BLACK HAT - Las Vegas - Officials involved in the investigation, arrest, and trial of Roman Seleznev dove into the details of how he operated his hacking empire, the slipups that led to his arrest, and evidence that led to his sentencing.
Seleznev, a notorious Russian computer hacker, was responsible for more than 400 point-of-sale hacks and at least $169 million in credit card fraud. He was sentenced to 27 years in prison and $170 million in restitution after a trial that took place earlier this year.
He went through three "chapters" in his time as a card thief, each defined by a different name, explained Norman Barbosa, assistant US attorney at the US Attorney's Office for the Western District, at Black Hat.
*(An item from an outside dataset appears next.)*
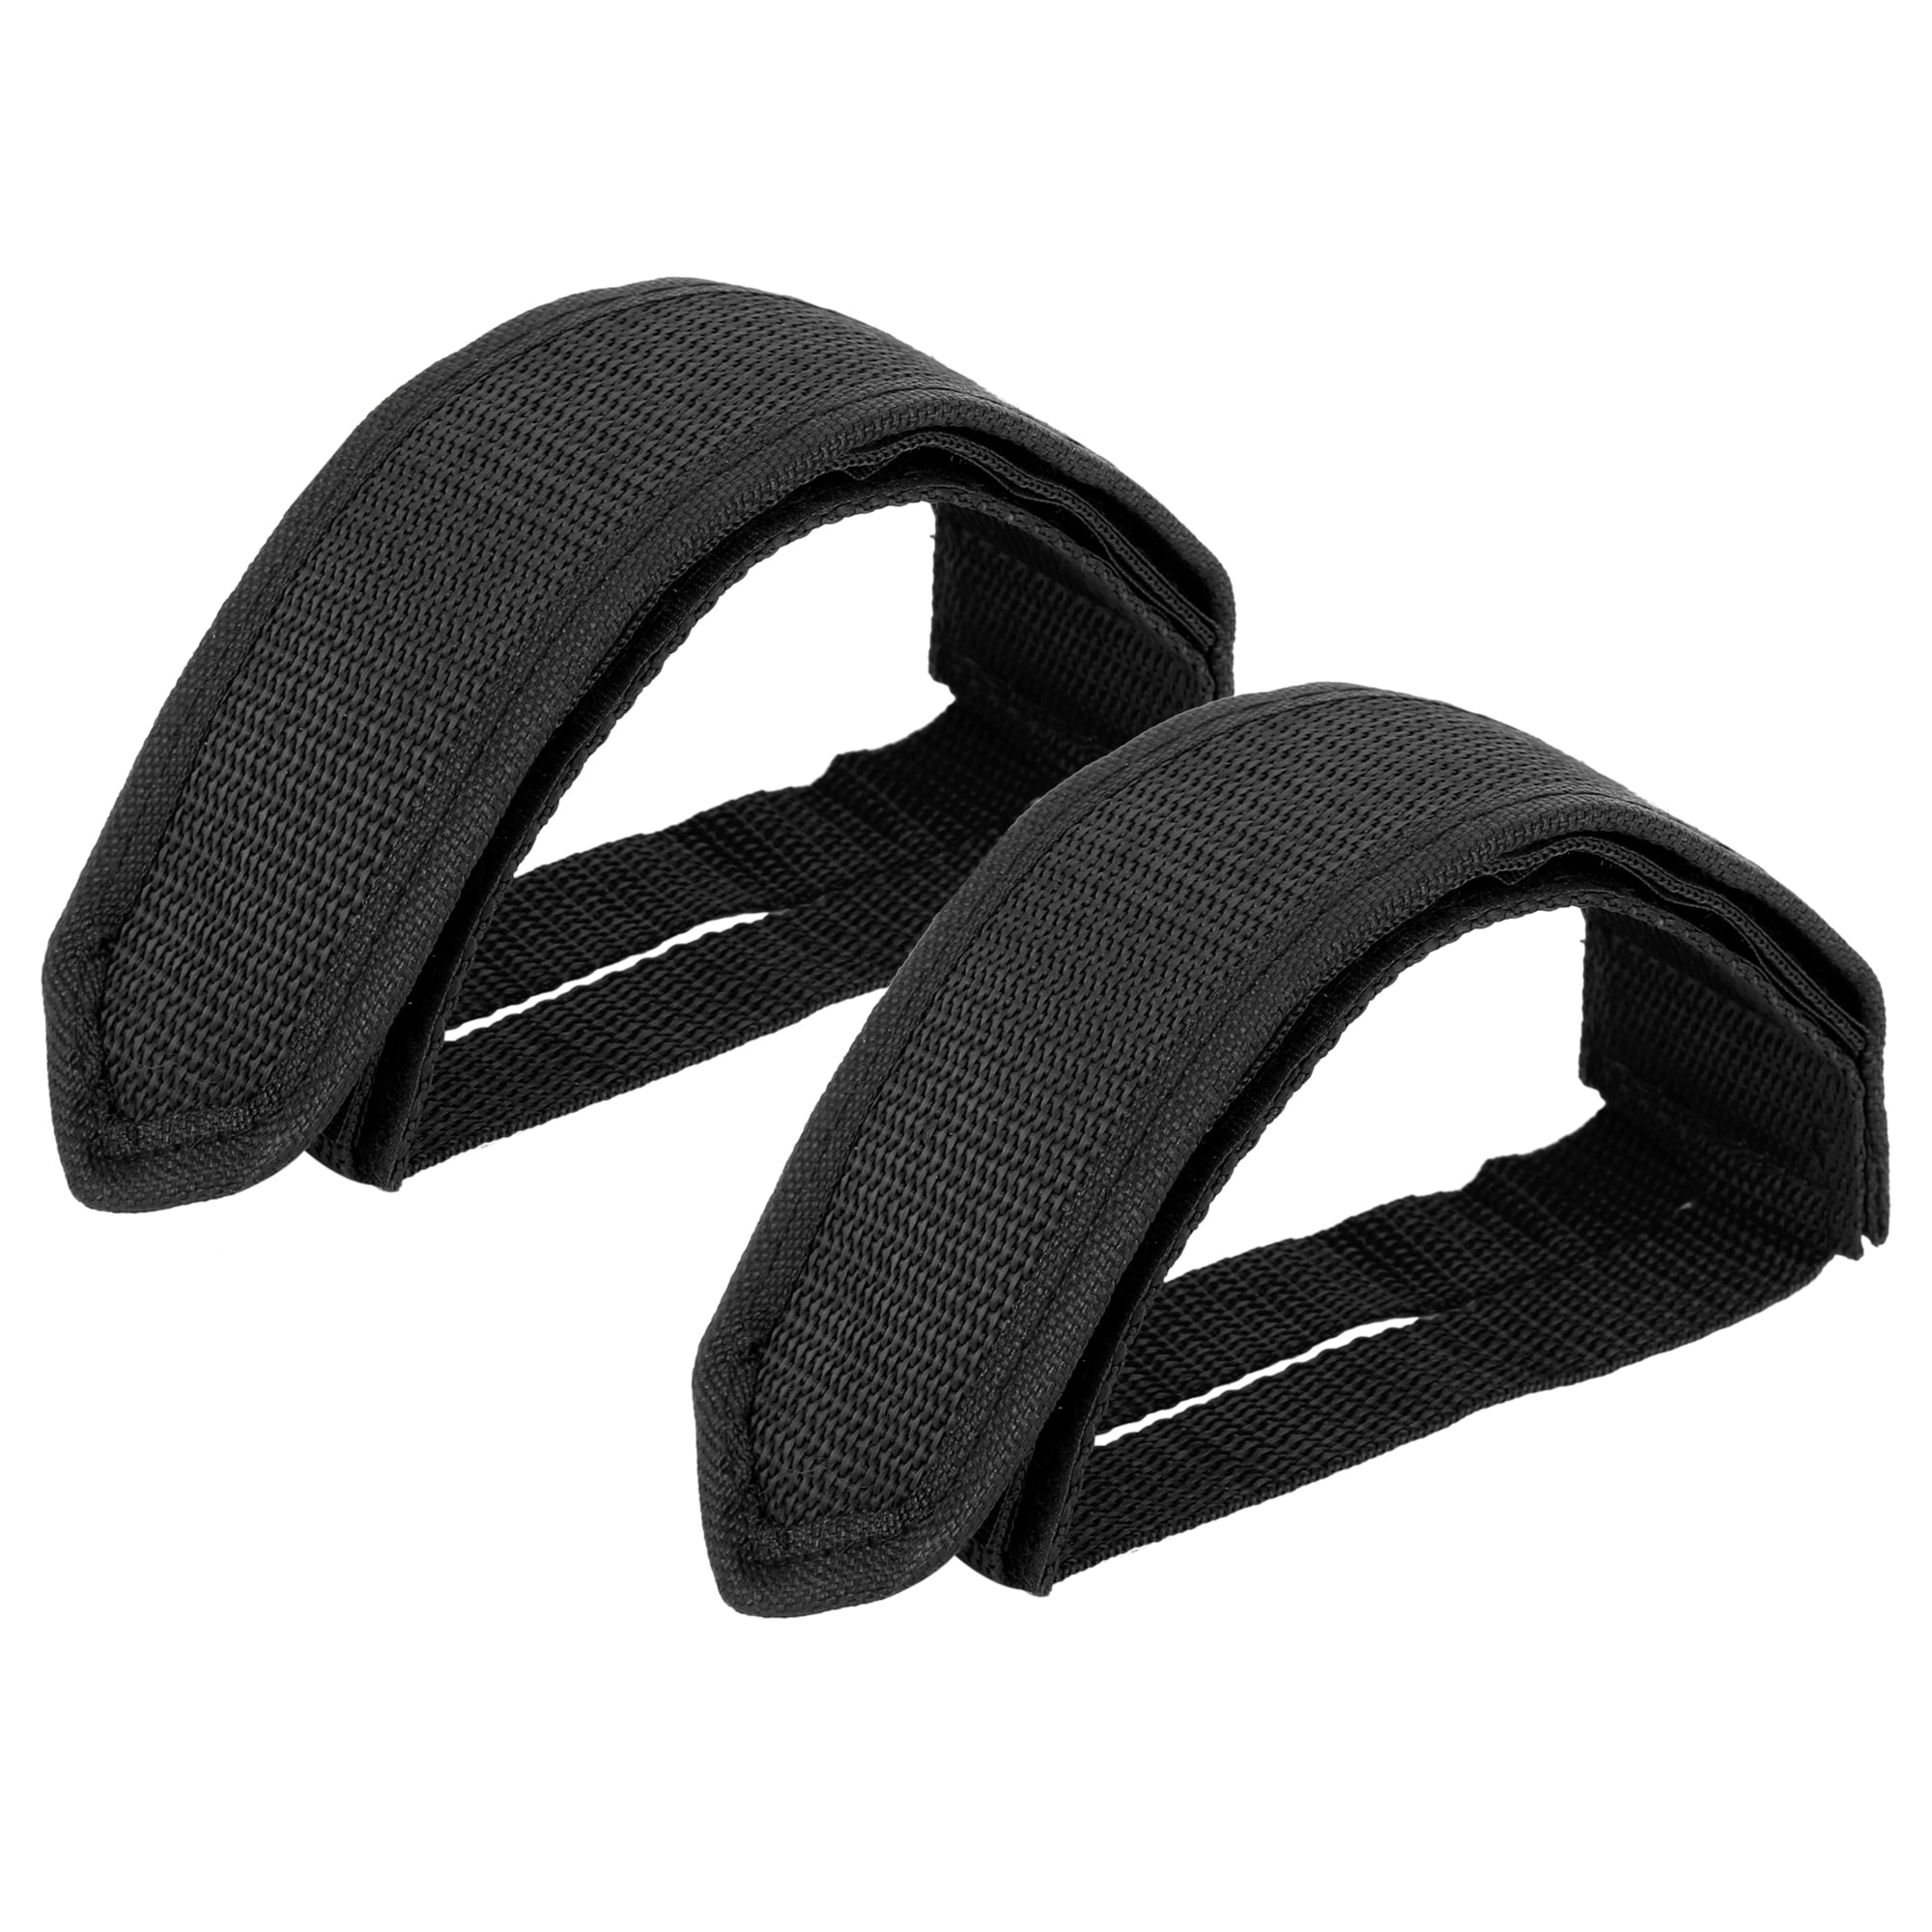 lasenersm 1 Pair Bicycle Feet Strap Exercise Bike Pedal Straps Foot Pedal Straps for Fixed Gear Bike DIY Bike Enthusiasts

The first began in the early 2000s when he adopted the handle nCux, which he used to operate online shops for selling stolen information.
"By 2005, he picked up on the fact that credit cards were an easy way to monetize hacking," said Barbosa. This was around the time the Secret Service began to notice his criminal activity and gather intelligence on him. By 2009, they had collected enough information to determine his identity — just in time for Seleznev to vanish.
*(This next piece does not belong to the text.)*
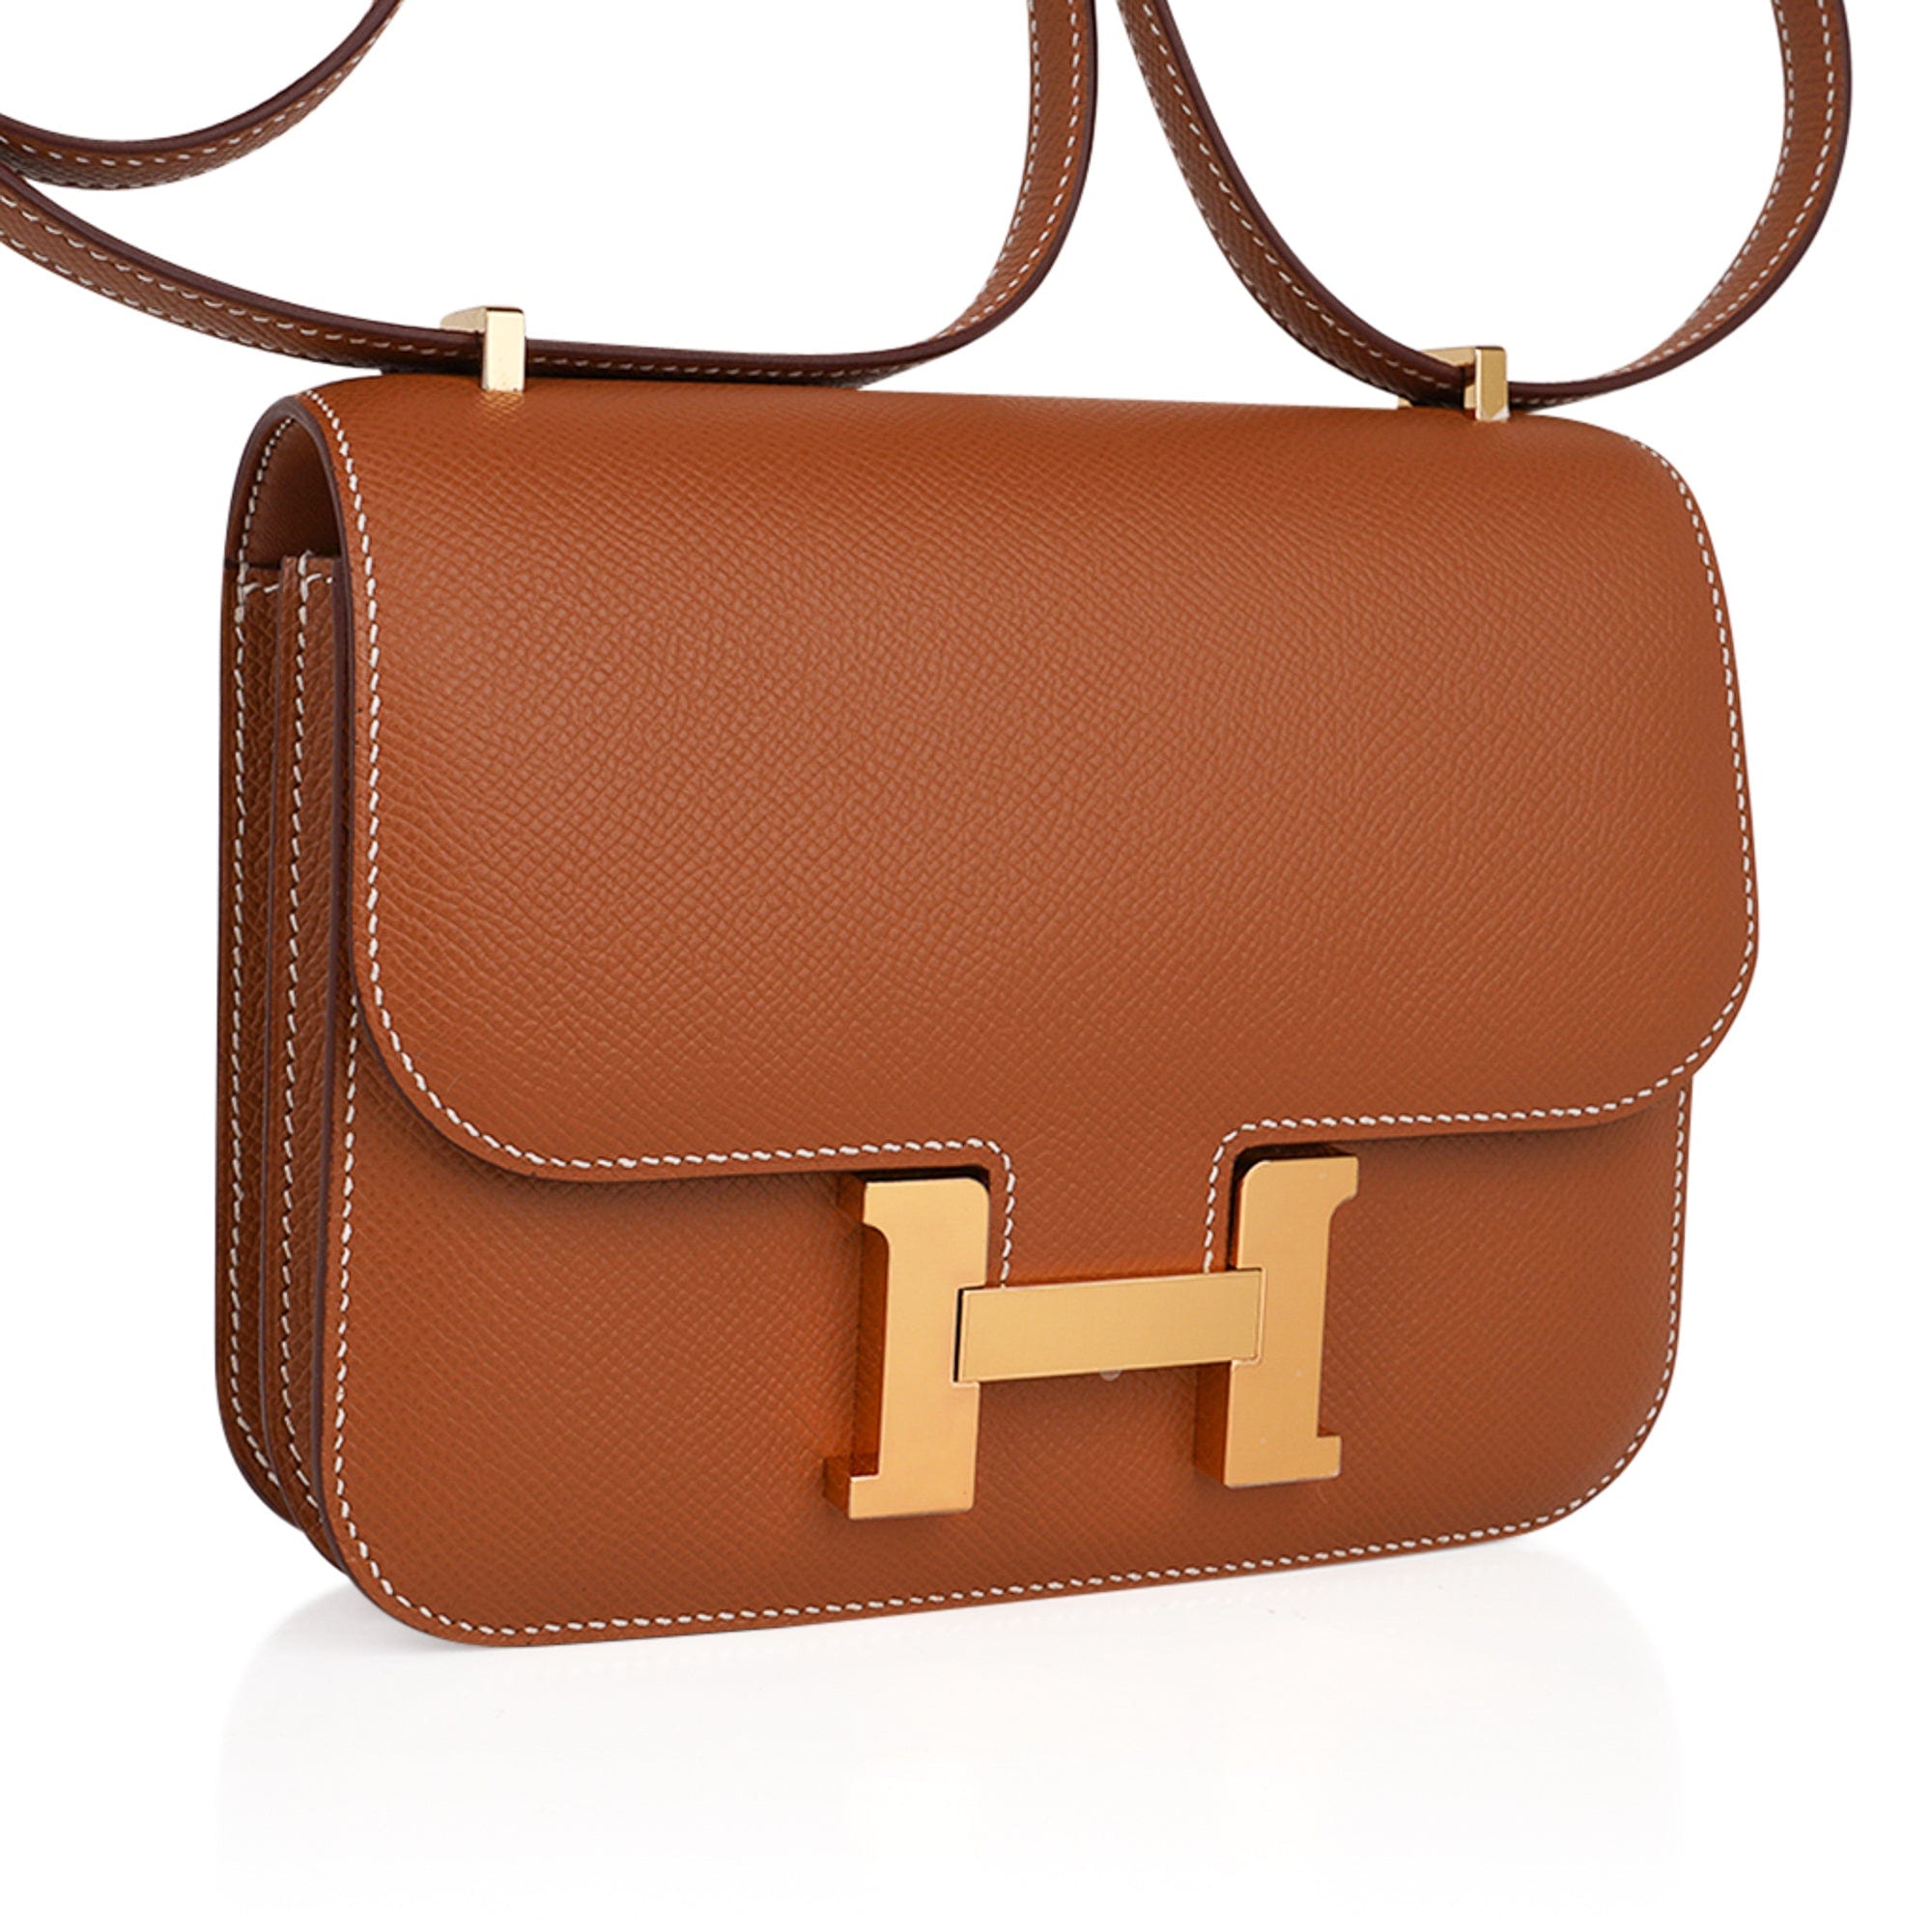 Hermes Constance Cartable Bag Limited Edition Rouge H Sombrero

"Unfortunately, approximately a month later, he disappeared from the Internet, putting the Secret Service investigation back a step," Barbosa said. "They had to rethink how they would go about seeking international cooperation on the case."
Seleznev reappeared in 2009 under aliases Track2 and Bulba. Officials noted his activity on Carder.su, a forum and online marketplace for credit card details and personal data. He was listed as a "trusted vendor of dumps," which tipped them off to the fact this wasn't a new player.
The investigation was reopened in May 2010 and accelerated through June 2011. During this time, Seleznev was involved in hacking restaurants and stealing credit card data from their point-of-sale devices.
Following his injuries in the 2011 Morocco terrorist attacks, Seleznev returned to Russia and closed his online shop in January 2012. Investigators continued to chase him until 2013, when he reappeared under the alias 2PAC.CC. At this point he wasn't only selling his own stolen data; other major hackers were coming to him to resell credit cards.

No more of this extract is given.